Currency Exchange Price To Earning vs. Cash And Equivalents Fundamental Analysis

Comparative valuation techniques use various fundamental indicators to help in determining Currency Exchange's current stock value. Our valuation model uses many indicators to compare Currency Exchange value to that of its competitors to determine the firm's financial worth.
Currency Exchange International is number one stock in cash and equivalents category among its peers. It also is number one stock in price to earning category among its peers . The ratio of Cash And Equivalents to Price To Earning for Currency Exchange International is about  1,751,303 . Comparative valuation analysis is a catch-all model that can be used if you cannot value Currency Exchange by discounting back its dividends or cash flows. This model doesn't attempt to find an intrinsic value for Currency Exchange's Stock. Still, instead, it compares the stock's price multiples to a benchmark or nearest competition to determine if the stock is relatively undervalued or overvalued.

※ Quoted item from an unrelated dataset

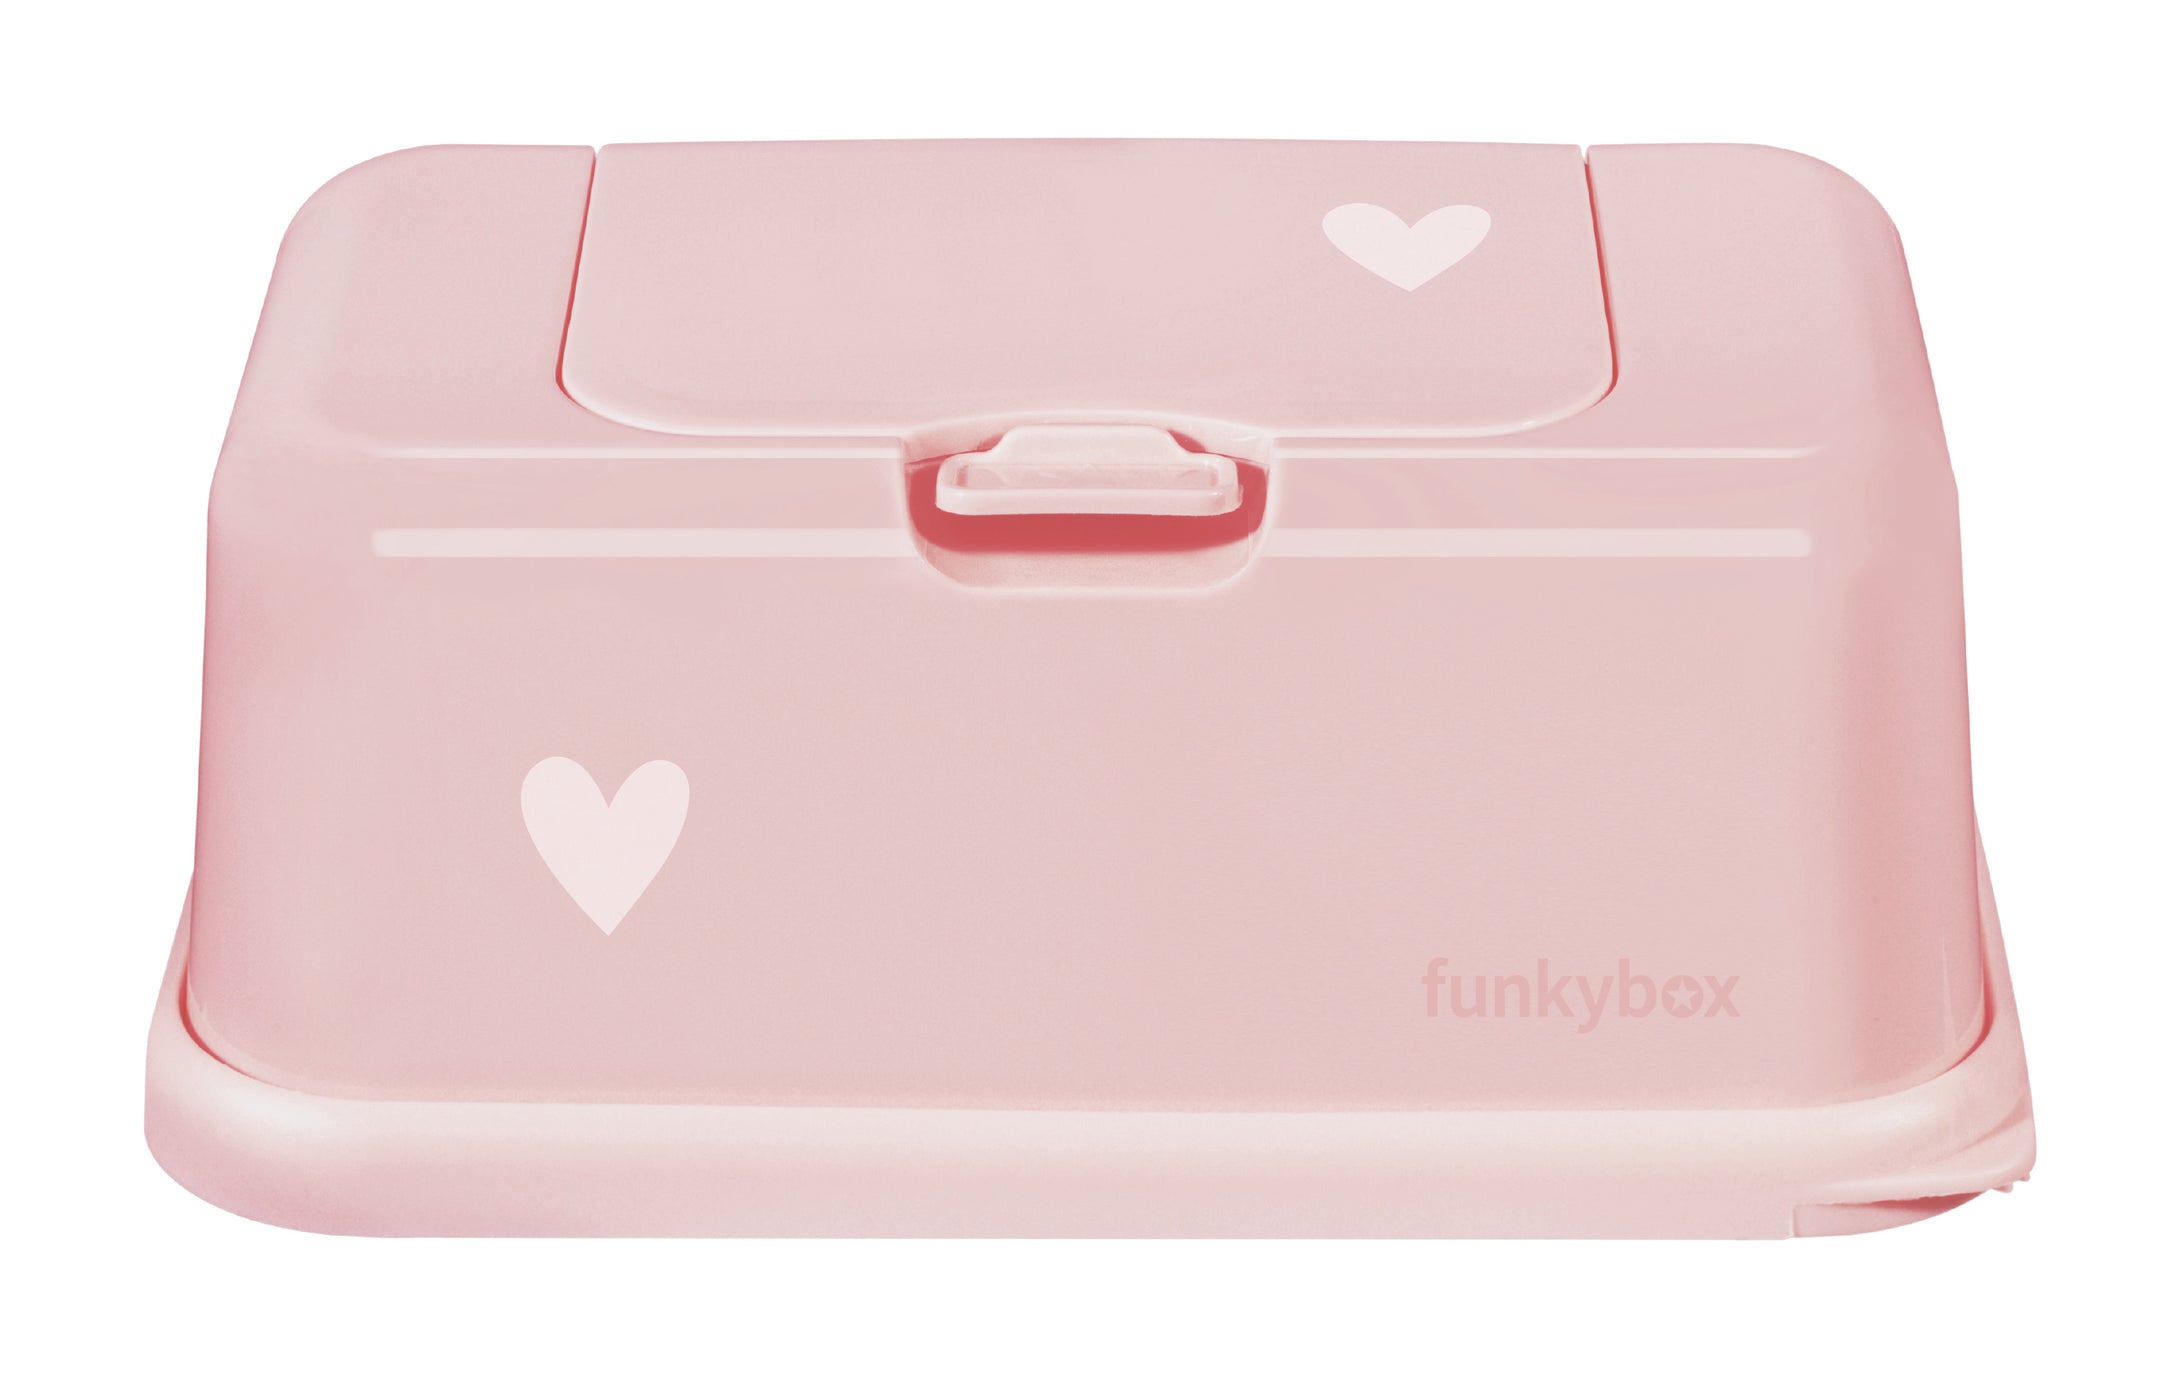 Funkybox - Feuchttücher Box Kleine Herzen rosa

Currency Price To Earning vs. Cash And Equivalents

Cash or Cash Equivalents are the most liquid of all assets found on the company's balance sheet. It is used in calculating many of the firm's liquidity ratios and is a good indicator of the overall financial health of a company. Companies with a lot of cash are usually attractive takeover targets. Cash Equivalents are balance sheet items that are typically reported using currency printed on notes.

Currency Exchange

Cash

 = 

Bank Deposits

+

Liquidities

 = 
60.49 M
Cash equivalents represent current assets that are easily convertible to cash such as short term bonds, savings account, money market funds, or certificate of deposits (CDs). One of the important consideration companies make when classifying assets as cash equivalent is that investments they report on their balance sheets under current assets should have almost no risk of change in value over the next few months (usually three months).
Price to Earnings ratio is typically used for current valuation of a company and is one of the most popular ratios that investors monitor daily. Holding a low PE stock is less risky because when a company's profitability falls, it is likely that earnings will also go down as well. In other words, if you start from a lower position, your downside risk is limited. There are also some investors who believe that low Price to Earnings ratio reflects the low pricing because a given company is in trouble. On the other hand, a higher PE ratio means that investors are paying more for each unit of profit.

Currency Exchange

P/E

 = 

Market Value Per Share

Earnings Per Share

 = 
34.54 X
Generally speaking, the Price to Earnings ratio gives investors an idea of what the market is willing to pay for the company's current earnings.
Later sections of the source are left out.